TLDR; Maybe, but probably none of the ones we currently have.
Note I'm going to focus on digital currencies as an alternative to fiat currencies, not any of the other applications of the related technologies like blockchains, distributed ledgers, smart contracts, etc.
The point of money is it helps human cooperation to expand beyond our monkeysphere limits. It is one of the technological innovations that allowed trade to expand beyond our normal trust limits, and trade is cooperation.
Money does this by providing the following functions;
Money is not real wealth, it is just a symbolic token for real wealth. Any currency is actually collateralized by everything you can buy with it.
current cryptocurrencies focus on "how" currencies work, and brag about how their cryptocoin is a better implementation of the attributes of money than fiat money.
They ignore "what" functions currencies serve, and even more important, the "why" we even need this.
Wealth is created, transferred, and consumed. Note that transferring wealth is itself a form of wealth creation, since it moves an asset to where it has more value. We can assume each transaction represents both wealth transferred and created, and that some of that wealth will be consumed.
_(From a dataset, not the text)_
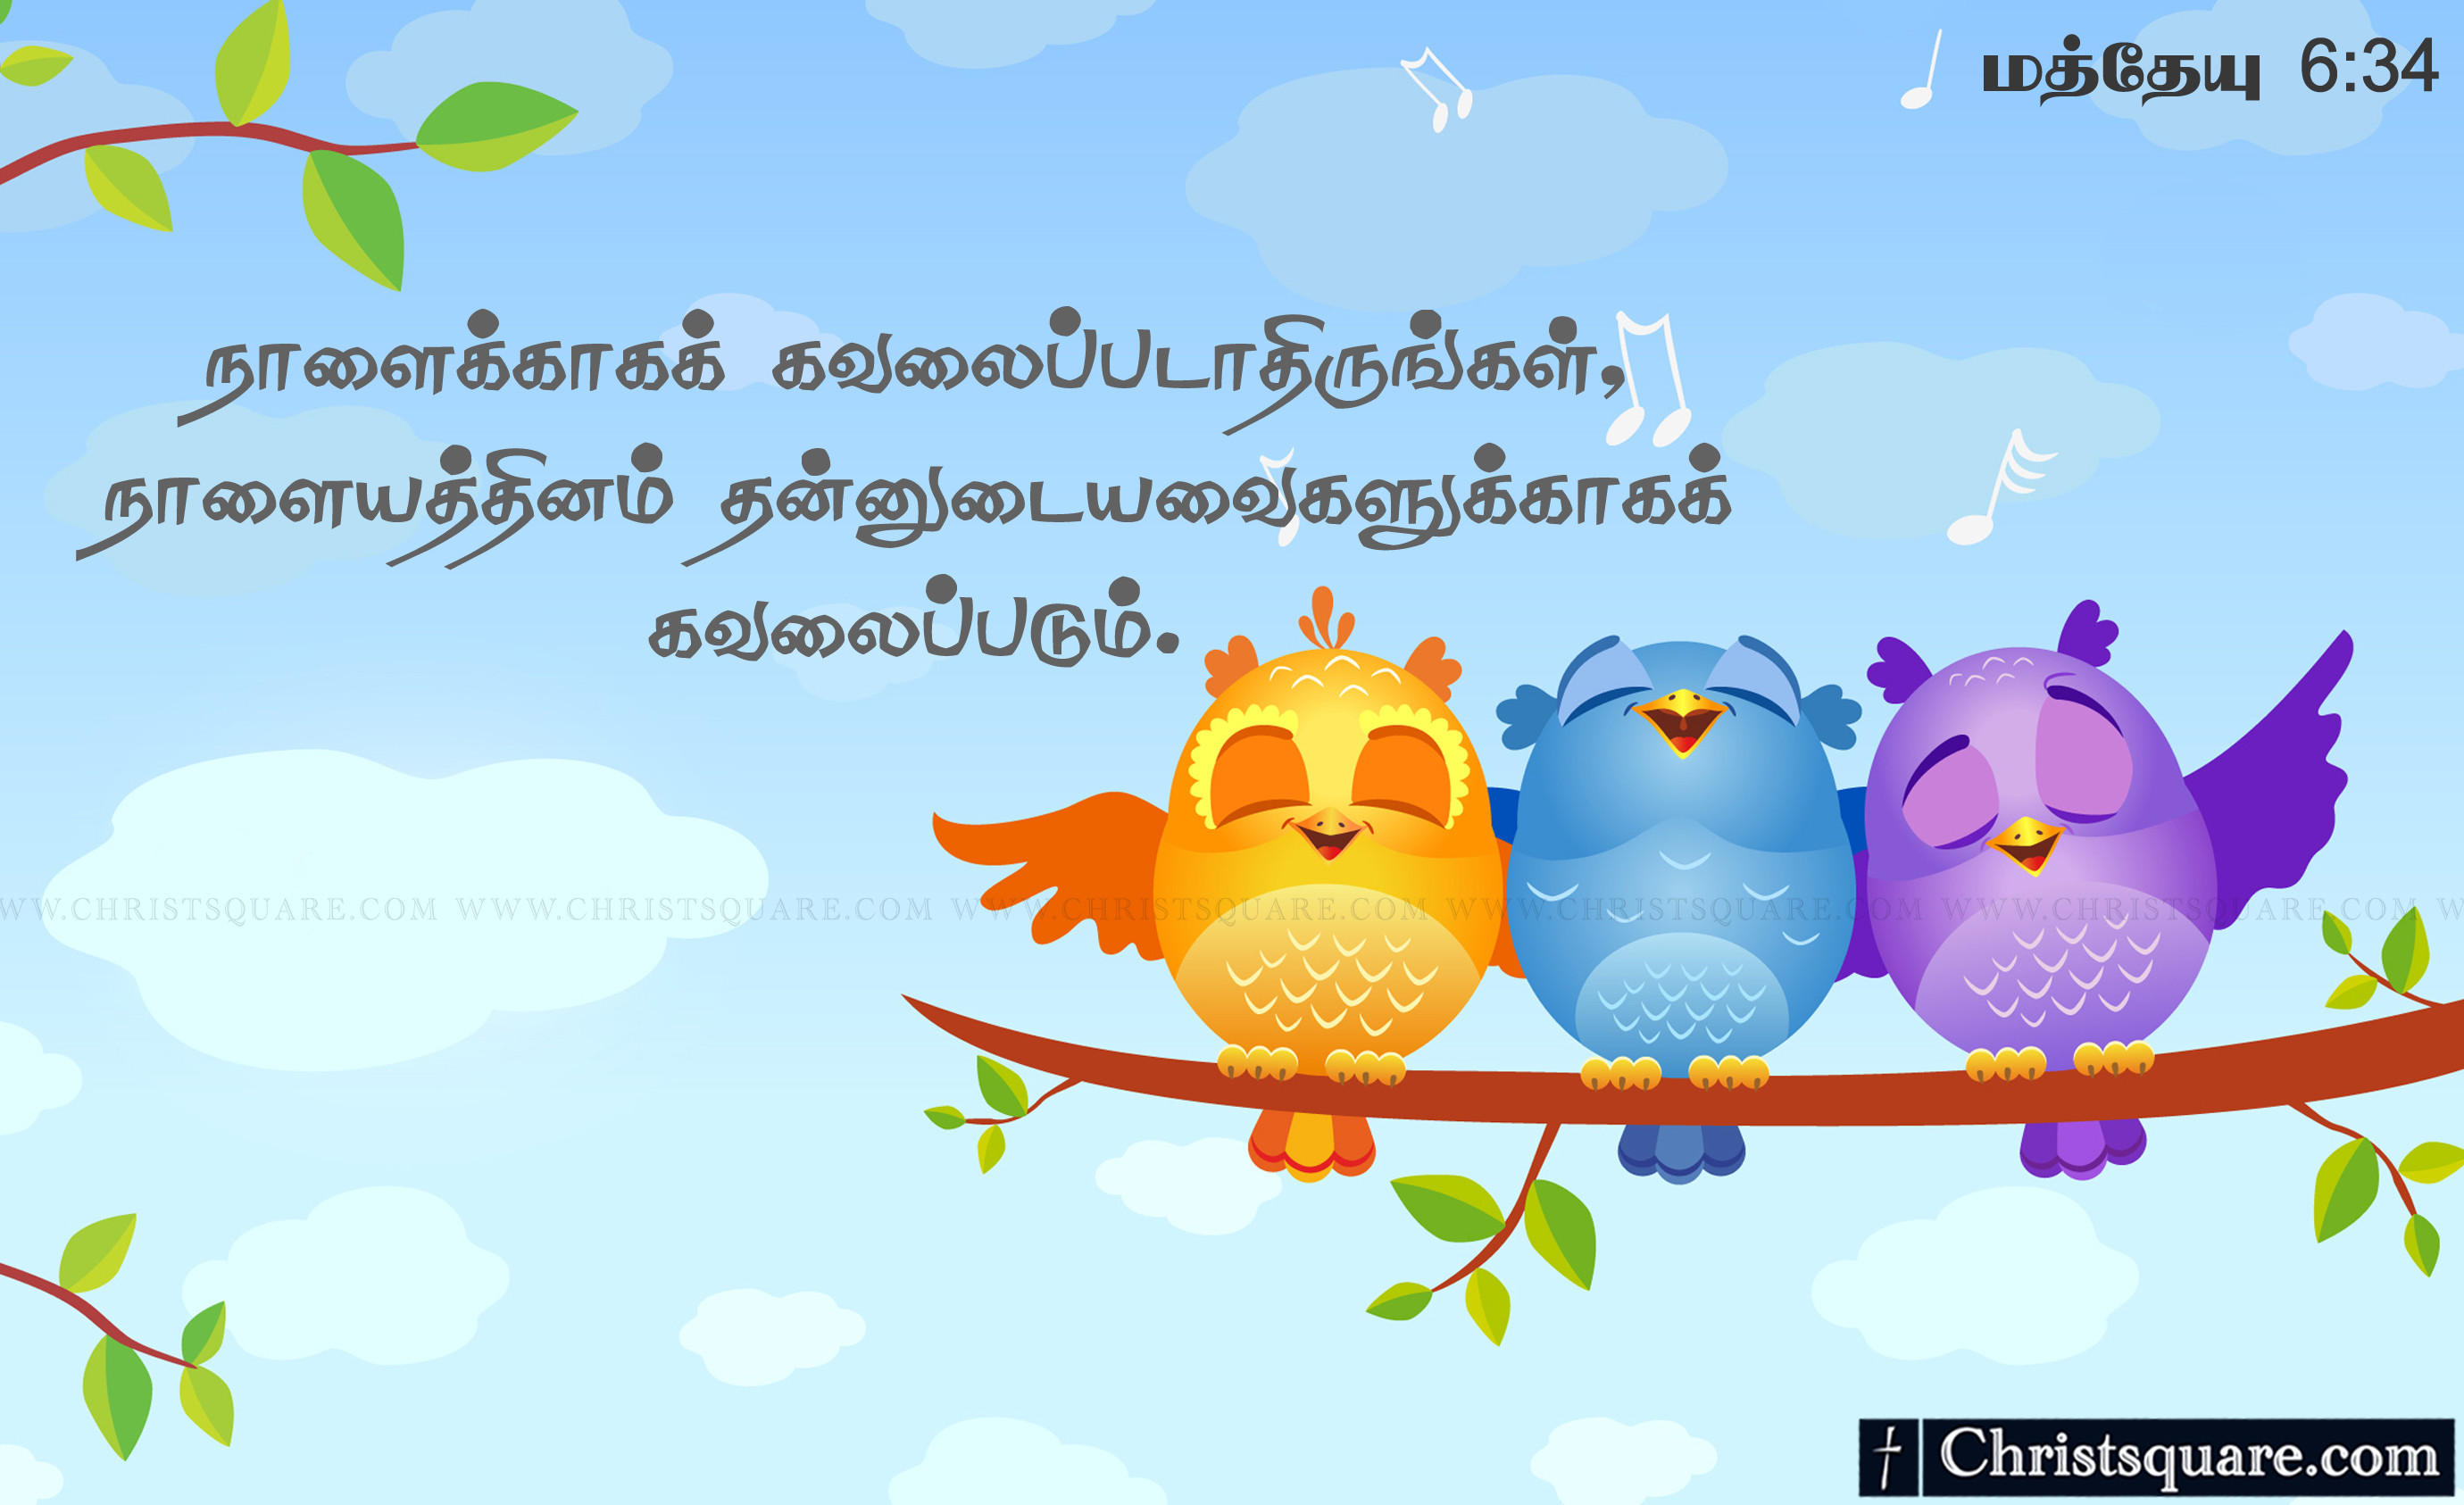 Tamil Bible Verses Clipart Hd Data Src Popular Jesus - Bible Verse For  House Warming In Tamil - 2760x1686 Wallpaper 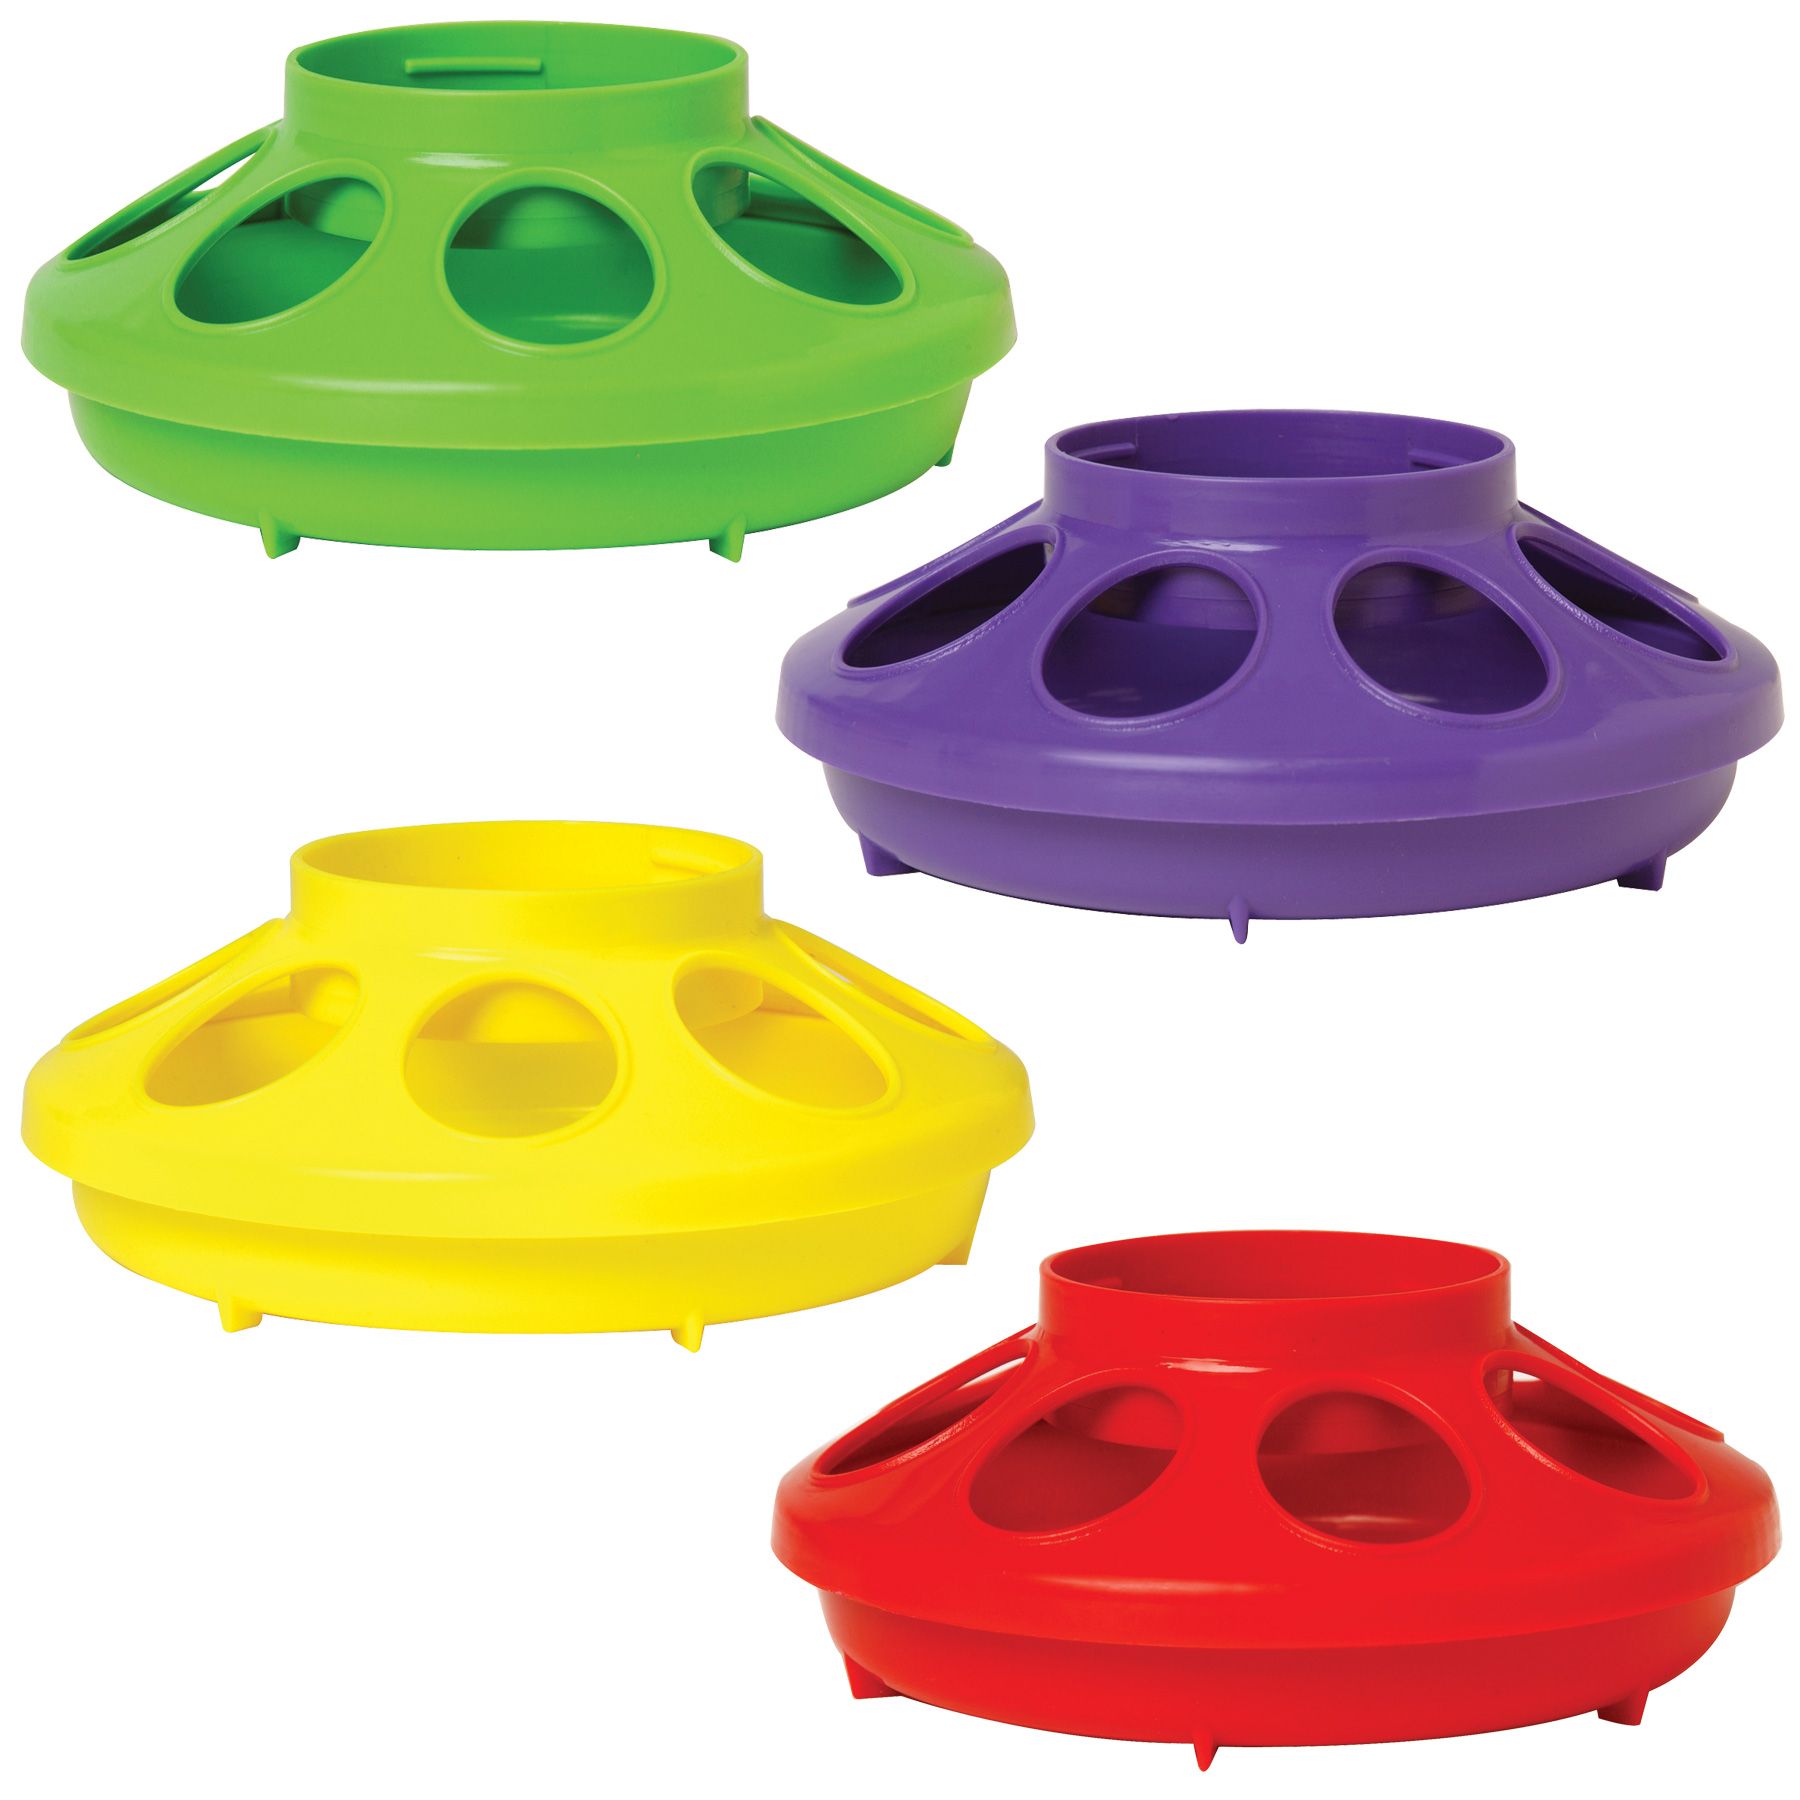 Little Giant Plastic Flip-Top Poultry Ground Feeder Yellow

In a stable non-growing economy, on average the wealth created per transaction will equal the wealth consumed.
Wealth is consumed both directly (food eaten) and through assets aging. We can assume that wealth (and thus the currency that reflects it) is consumed overall at a "depreciation rate". Alternatively we could assume that there is a consumption rate per person, plus an additional depreciation rate for asset aging.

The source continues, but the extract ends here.